The population also contains 16 spouses representing 8 couples.
Among the relatives mentioned in the students’ biography, fathers and uncles are the most relevant from the analysis of social-economic backgrounds. In the following steps, therefore, we will focus on fathers and uncles.
We load the pre-formated dataset that incorporates information on both funding and family background:
library(readr)
kin_funding <- read_delim("data/kin_funding.csv",
delim = ";", escape_double = FALSE, trim_ws = TRUE)
kin_funding
The dataset contains the following information:
The dataset includes 118 rows (ties) and 11 variables. One row represents one kinship tie, meaning that the same student may have several rows if several relatives are mentioned in his biography. For example, Li Fengzao 李奉藻 (imh-11-61) mentioned not only his father Li Zanchen (李贊辰) but also his uncle Li Enfu (李恩富). On the opposite, students who did not mention any parents in their biography do not appear in this dataset.

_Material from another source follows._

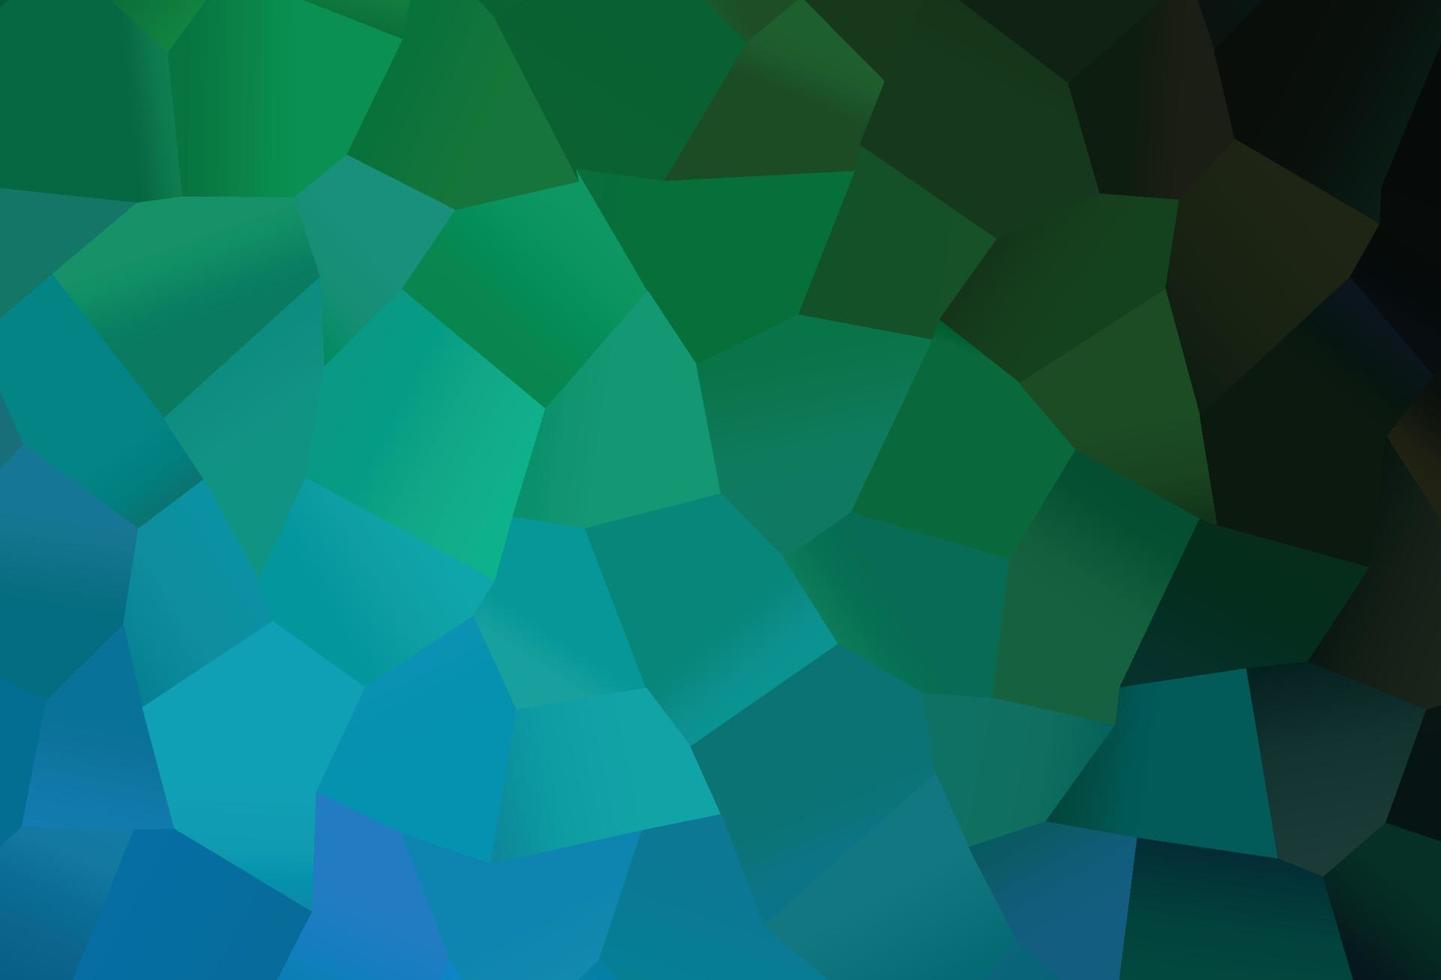 padrão de vetor azul escuro, verde com hexágonos coloridos.

First, it is sound to explore the relatives and their occupation before analyzing the correlation with students source of funding:
# relations
kin_funding %>% distinct(ego, relative, RelationMain) %>%
group_by(RelationMain) %>%
count(sort = TRUE) %>% mutate(percent = n / 113*100)
# occupations
kin_funding %>% distinct(relative, occup_cat) %>%
group_by(occup_cat) %>% count(sort = TRUE) %>% mutate(percent = n / 113*100)
There are 100 father-son and 18 uncle-nephew relationships in
the dataset. Among the 113 unique relatives mentioned, 23% are engaged
in business, over 13% are officials, nearly 8% are involved in
intellectual activities (such as scholars or teachers), and 5.3% in
other professions (such as physicians, religious figures, or rentiers).
The occupation is unknown in 50% of cases.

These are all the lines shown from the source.